- Theatrical poster
- Directed by: Alfred Hitchcock
- Written by: Alfred Hitchcock (adaptation) Alma Reville (scenario)
- Based on: The Skin Game by John Galsworthy
- Produced by: John Maxwell
- Starring: Edmund Gwenn Helen Haye C. V. France Jill Esmond John Longden Phyllis Konstam
- Cinematography: Jack E. Cox
- Edited by: A.R. Gobbett Rene Marrison
- Production company: British International Pictures
- Distributed by: Wardour Films Ltd.
- Release date: 26 February 1931;
- Running time: 82 minutes
- Country: United Kingdom
- Language: English

= The Skin Game (1931 film) =

1931 British film

The Skin Game is a 1931 British drama film by Alfred Hitchcock, based on the 1920 play by John Galsworthy and produced by British International Pictures.

The plot concerns a feud between the long-established (upper class) Hillcrists, played by C.V. France, Helen Haye, and Jill Esmond, and the nouveau riche (formerly working class) Hornblowers, played by Edmund Gwenn, John Longden, Phyllis Konstam, and Frank Lawton. Underlying themes in the story include class warfare and the results of avarice.

Edmund Gwenn and Helen Haye reprised their respective roles as Mr. Hornblower and Mrs. Hillcrist from the 1921 silent version.

==Plot==
For his love of riches, Mr. Hornblower coldly enjoys a "skin game" of buying up land under false pretenses of letting the tenant farmers remain and then booting them out, in order to build factories. The Hillcrists learn of this and regret selling some land to him; in turn Hornblower considers them snobs, and taunts them with his plans to buy the picturesque countryside adjoining their rural estate which is due to be auctioned off. Visions of factories spewing smoke where a magnificent landscape has been maturing for several generations torment the Hillcrists.
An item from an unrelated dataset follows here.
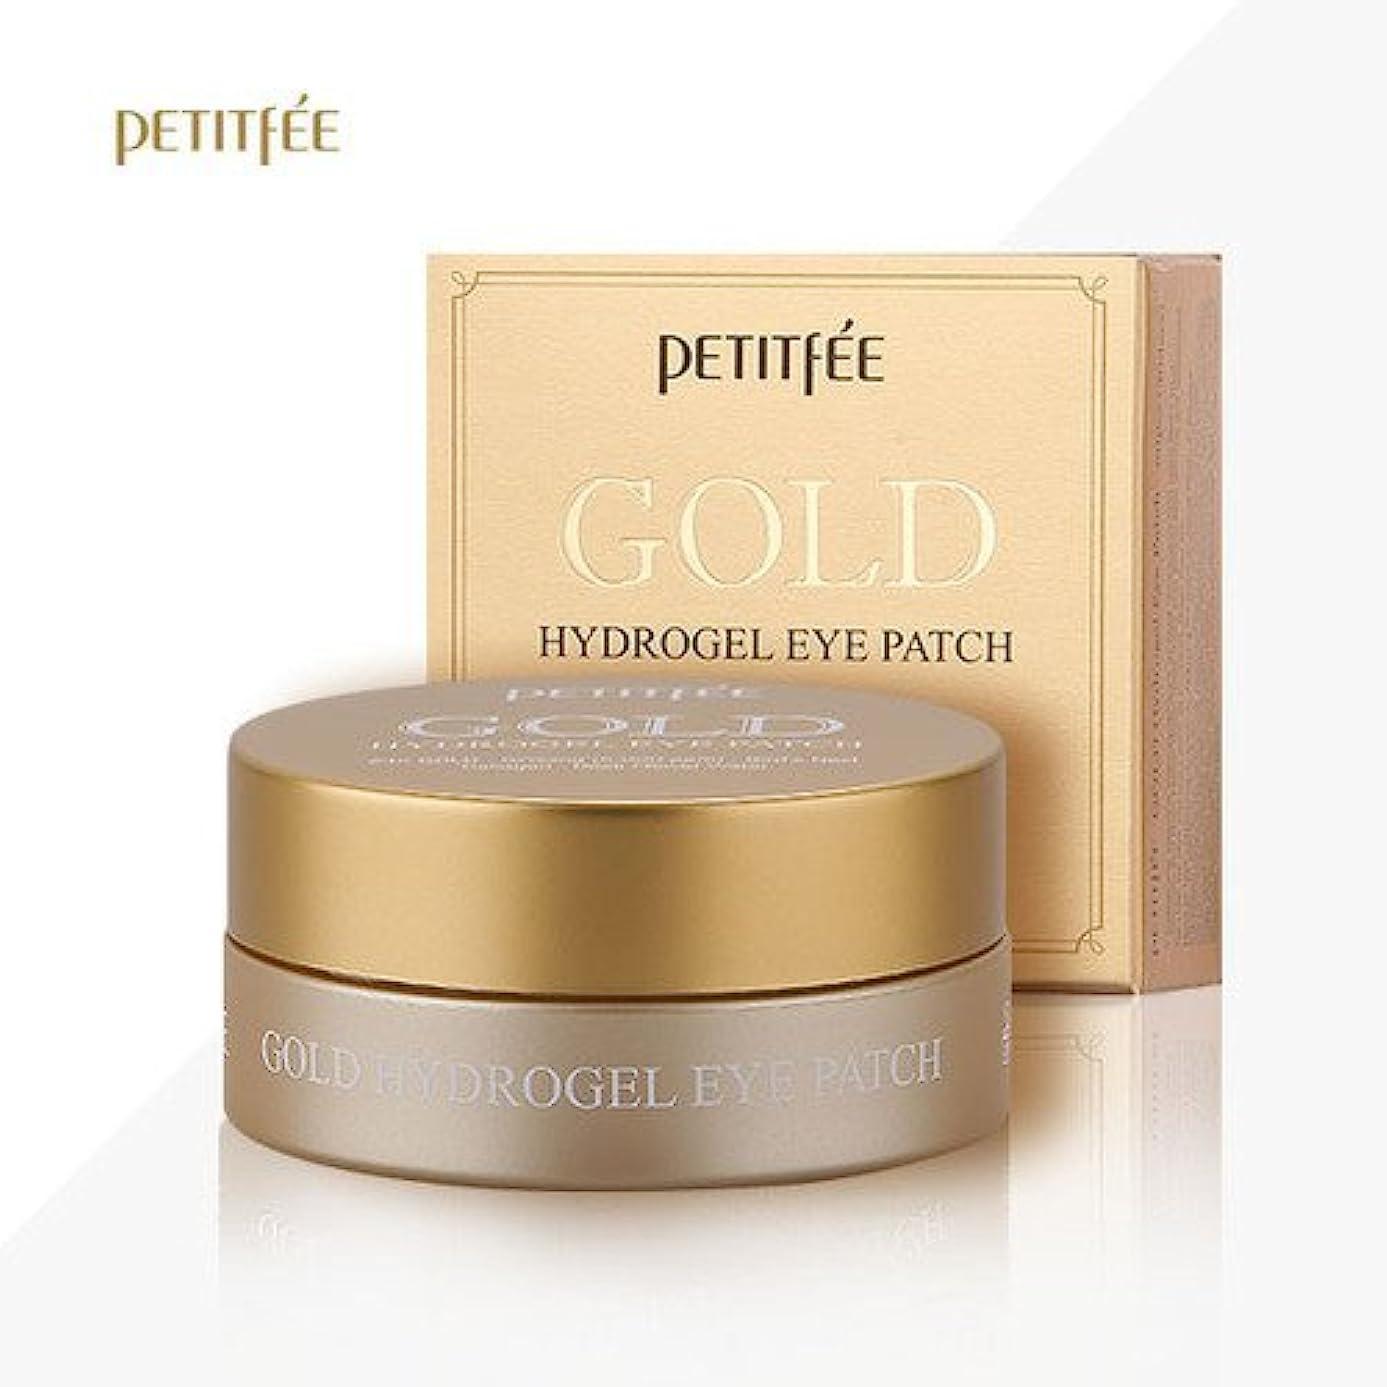 良性咲く血まみれのPETITFEE(プチペ)ゴールドハイドロゲルアイパチ(60枚)/ Petitfee Gold Hydrogel Eye Patch (60Sheets) [並行輸入品]

At the auction, the Hillcrists are outbid, then learn it was by Hornblower's agent. But Hillcrist employee Dawker learns a dark secret about the past life of Hornblower's now pregnant daughter-in-law Chloe, wife of Charles Hornblower. The Hillcrists confront Chloe and elder Hornblower together, and prove their case with witnesses. They are prepared to use the information, unless Hornblower agrees to deed the land to them. Reluctantly he agrees, making them swear to silence on a Bible. But now, townspeople are already gossiping and Charles has become suspicious. Chloe, terrified that this secret threatens her marriage, goes to the Hillcrist home to beg them to make up a story to tell Charles.

At that point, Charles is announced and Chloe jumps behind a curtain. Charles has already beaten the secret out of Dawker, and declares that he intends to end his marriage. Off-camera, Chloe had left through a door behind the curtain, and in short order, had drowned herself. Mrs. Hillcrist, although upset with Dawker for breaking the vow of silence, pulls the property deed out of the desk and gives it to him for safekeeping ... he puts it in his outer pocket, clearly visible. The elder Hornblower then arrives in a fury and wrestles the deed from Dawker.

Chloe's body is brought in. Hornblower rages that Hillcrist has destroyed him and his family completely, and he will exact revenge. A last brief, poignant scene shows a prominent large tree on the land behind the Hillcrist house being felled by a work crew using a two-man saw.

==Cast==
- C. V. France as Jack Hillcrist – the Hillcrists
- Helen Haye as Ivy Hillcrist – the Hillcrists
- Jill Esmond as Jill – the Hillcrists
- Edmund Gwenn as Mr Hornblower – the Hornblowers
- John Longden as Charles – the Hornblowers
- Phyllis Konstam as Chloe – the Hornblowers
- Frank Lawton as Rolf – the Hornblowers
- Herbert Ross as the Jackmans
- Dora Gregory as the Jackmans
- Edward Chapman as Dawker
- R.E. Jeffrey as First Stranger
- George Bancroft as Second Stranger
- Ronald Frankau as Auctioneer

==Copyright status and home media==
The Skin Game is copyrighted worldwide but has been heavily bootlegged on home video. Despite this, various licensed, restored releases have appeared on DVD, Blu-ray, and video on demand services from Optimum in the UK, Lionsgate and Kino Lorber in the US, and many others.

== Reception ==
On Rotten Tomatoes, the film has an aggregated score of 38% based on 3 positive and 5 negative critic reviews.